Newcomers Give Team Depth

By Hugh M. Nesbit

The Radcliffe swimming team will need a lot of help from many first-year swimmers if it is to match last year's undefeated season.

The aquawomen are the defending champions in this afternoon's 13th annual Radcliffe Invitational Swim Meet, but they lost two All-Americans, Connie Cervilla and Roanne Costin, from last year to graduation.

"I think this will be the best meet of the year," coach Mary McCabe said yesterday. "The girls are well-conditioned and ready to go. It should be a really tight meet between Mount Holyoke and Radcliffe."

Connecticut, New Hampshire, Rhode Island and Wellesley round out the field of today's meet.

Despite the loss of Cervilla and Costin, the team for the first time has some depth. There are 26 on this year's squad, including 11 freshmen, while last year's entire squad numbered only ten.

"Inexperienced competitive swimmers are improving so fast," McCabe said, "that we still do not know how our strength will be distributed."

Before classes started in September, the team spent a week of training at Southeastern Massachusetts University in North Dartmouth and the early start has shown good results already.

Good Times

In an intrasquad meet on Nov. 1, times in five events bettered the qualifying standards for the Eastern Championships at the end of the season.

Freshman Laurie Downey churned her way to victory and a qualifying time in the 200-yard freestyle, 100-yard butterfly, and the 100-yard backstroke. She also swam backstroke in the 200-yard medley relay team which beat the qualifying time by over six seconds.

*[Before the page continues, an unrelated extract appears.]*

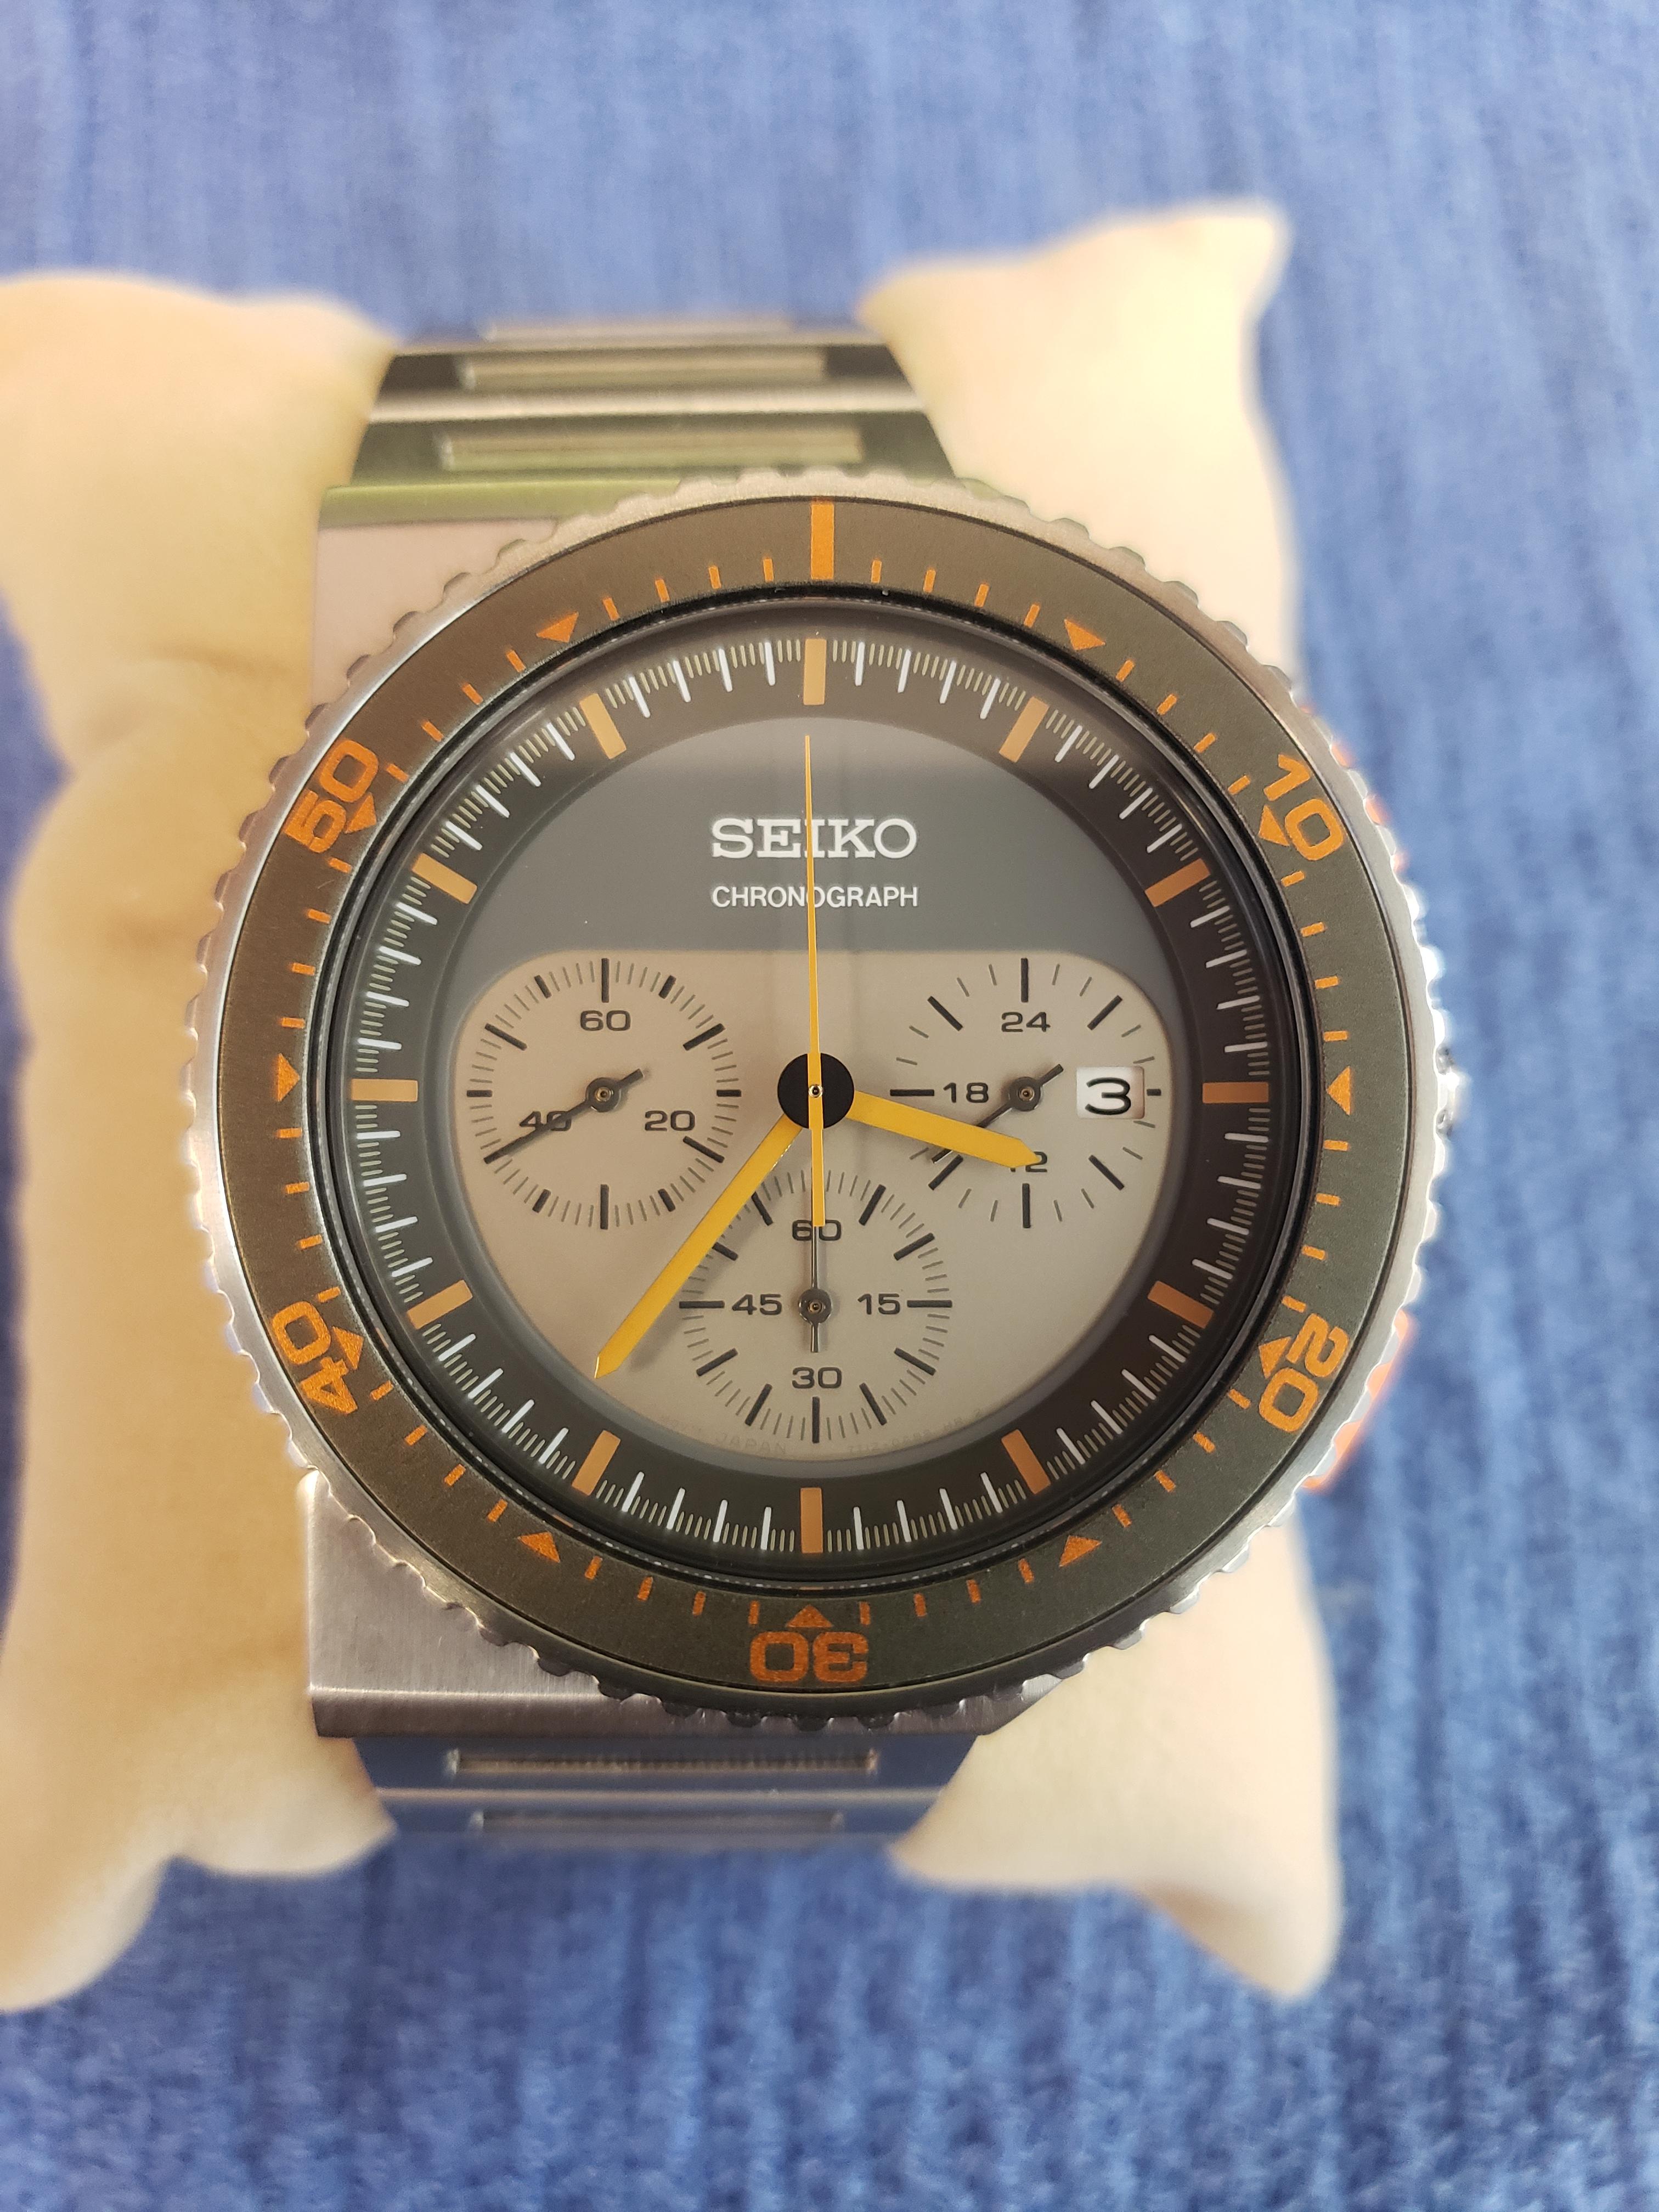 SEIKO] [GIUGIARO] [Limited 2500] [Battery replaced] Seiko

While swimming for her YWCA last spring, Downey took second in the 100- and 200-yard backstroke in the regional championships and qualified for the AAU Nationals in Dallas.

Diana Borden, also a freshman, captured the 100-yard breaststroke and swam that leg of the medley relay.

Although the times cannot be officially recognized, they do show potential for strong performances during the season.

Senior Nancy Sato and juniors Maureen Murphy and Kris Krendl are the team's tri-captains. Last year, Sato was ranked sixth in the East in both the one-meter and three-meter diving events.

Murphy, who swims in the 200-yard freestyle, 50-yard butterfly, and 100-yard butterfly, said, "The team looks really good. We have some upperclassmen out for the first time, and they're doing really well."

She added that the early training week was very beneficial in that it gave the girls a chance to work on style and technique. They now concentrate more on distance during practices because they can only use two of the six lanes in the IAB pool.

"I think we're going to have one of our best seasons," Krendl said yesterday.